In a traditional Waterfall methodology, a project goes through several phases: requirements, design, implementation, verification, and maintenance.  The problem with using Waterfall primarily consists of time to market, and the amount of bloat that plagues projects.  Each phase is a gut-wrenching effort to extract all possible scenarios and outcomes before moving on to the next phase, thus impacting schedules and milestones significantly.

Couple a Waterfall strategy with a “let’s invite all the managers and directors to the requirements meeting at 3pm” and no wonder so many projects fail before they even launch.


On the other hand, Agile methodologies pride themselves on quick time to market, but often forget significant details.  The core focus of Agile is development cycle time.  The downside is, Agile projects often end up becoming a patchwork of code and technologies.  Scope creep and unidentified requirements can be a nightmare in an agile process.

Wait a minute, you want us to add what feature?  That changes everything!

Hybrid Agile Waterfall

Our process consists of a hybrid Agile Waterfall methodology, which allows our clients to see results as quickly as possible while mitigating risk from poor, premature decisions that often plague Agile processes.

We leverage the best of both methodologies, employing a waterfall-like approach to gathering requirements and determining scope, which allows us to optimize architecture decisions.  Then, we use an Agile process to develop and deploy your minimum viable product (MVP), and continue to iterate as we add in new features based on the initial set of requirements, as well as any feedback from the users of the product (i.e. product pivots).
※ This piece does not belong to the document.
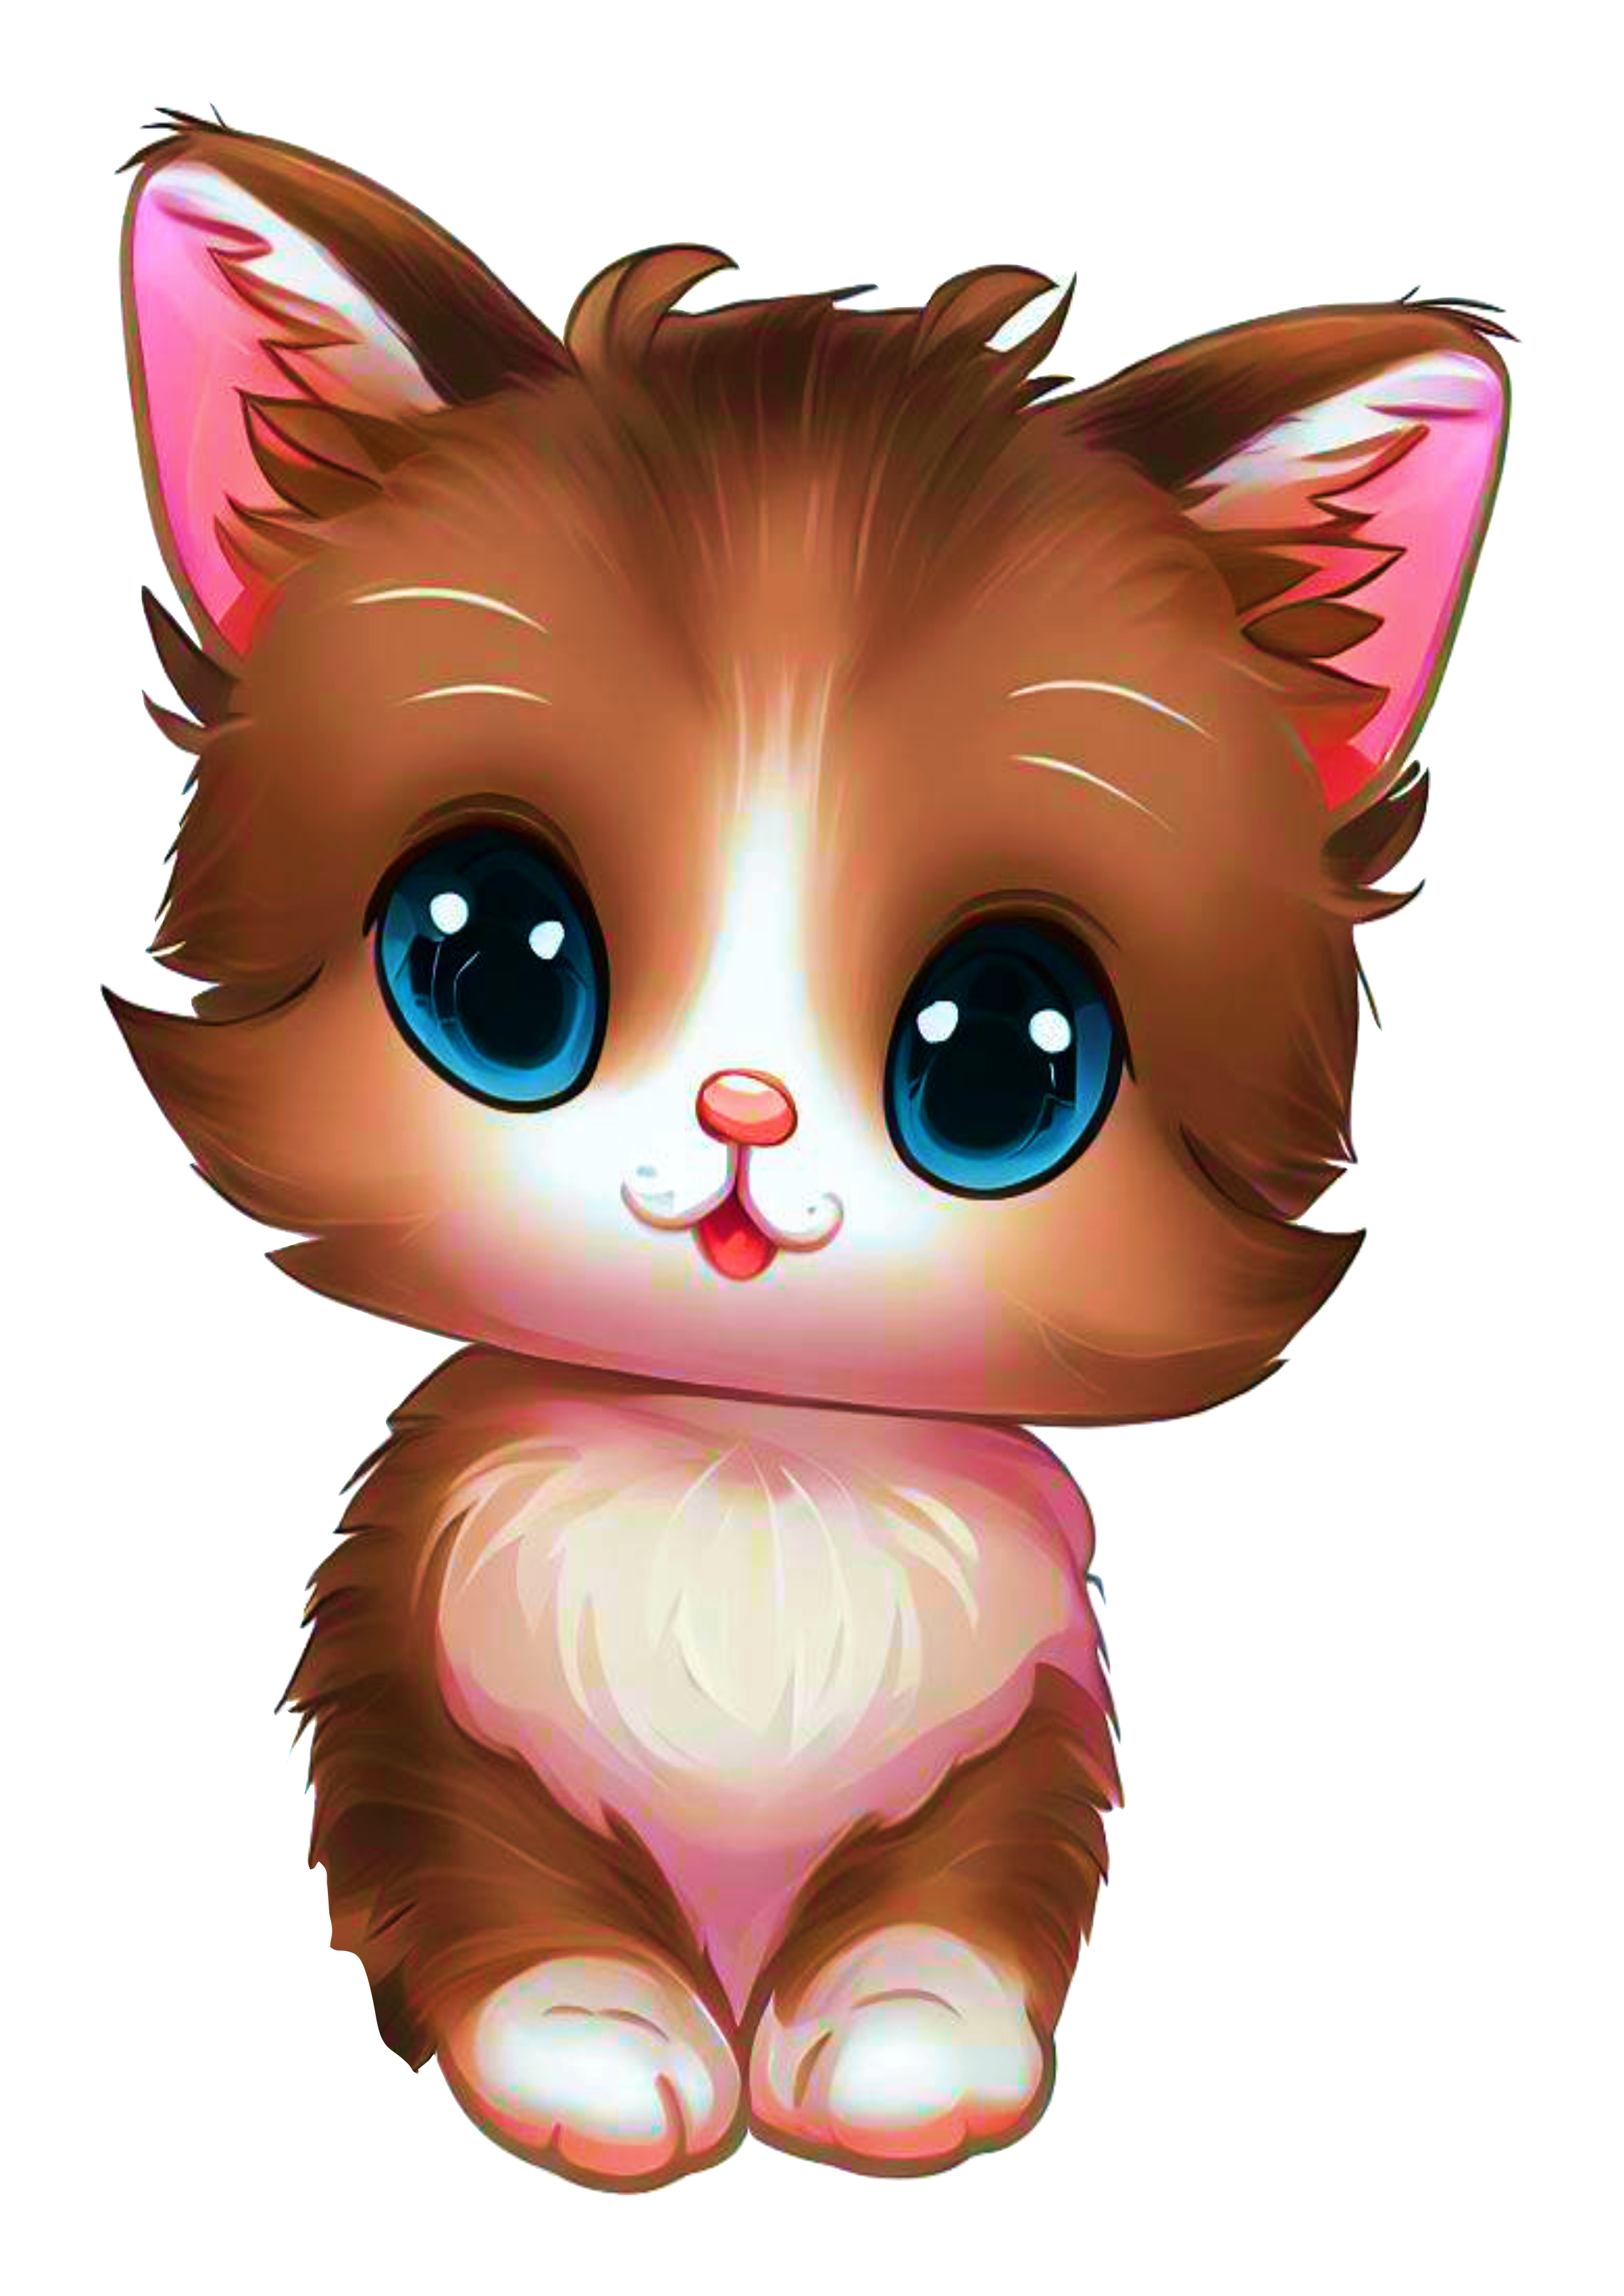 Gatinho bebê sapeca fofinho cute cat desenho artístico animal de estimação imagem sem fundo png

The upside of this hybrid Agile Waterfall approach is simple: for a little more time at the beginning of the project understanding requirements, you iron out most of the possible scenarios that might come about during the product lifecycle.  Sure, there are always surprises, but you’re much more prepared for these pivots, because the architecture and requirements have been stress-tested with an extensive amount of discussion about possible long term strategies with the product.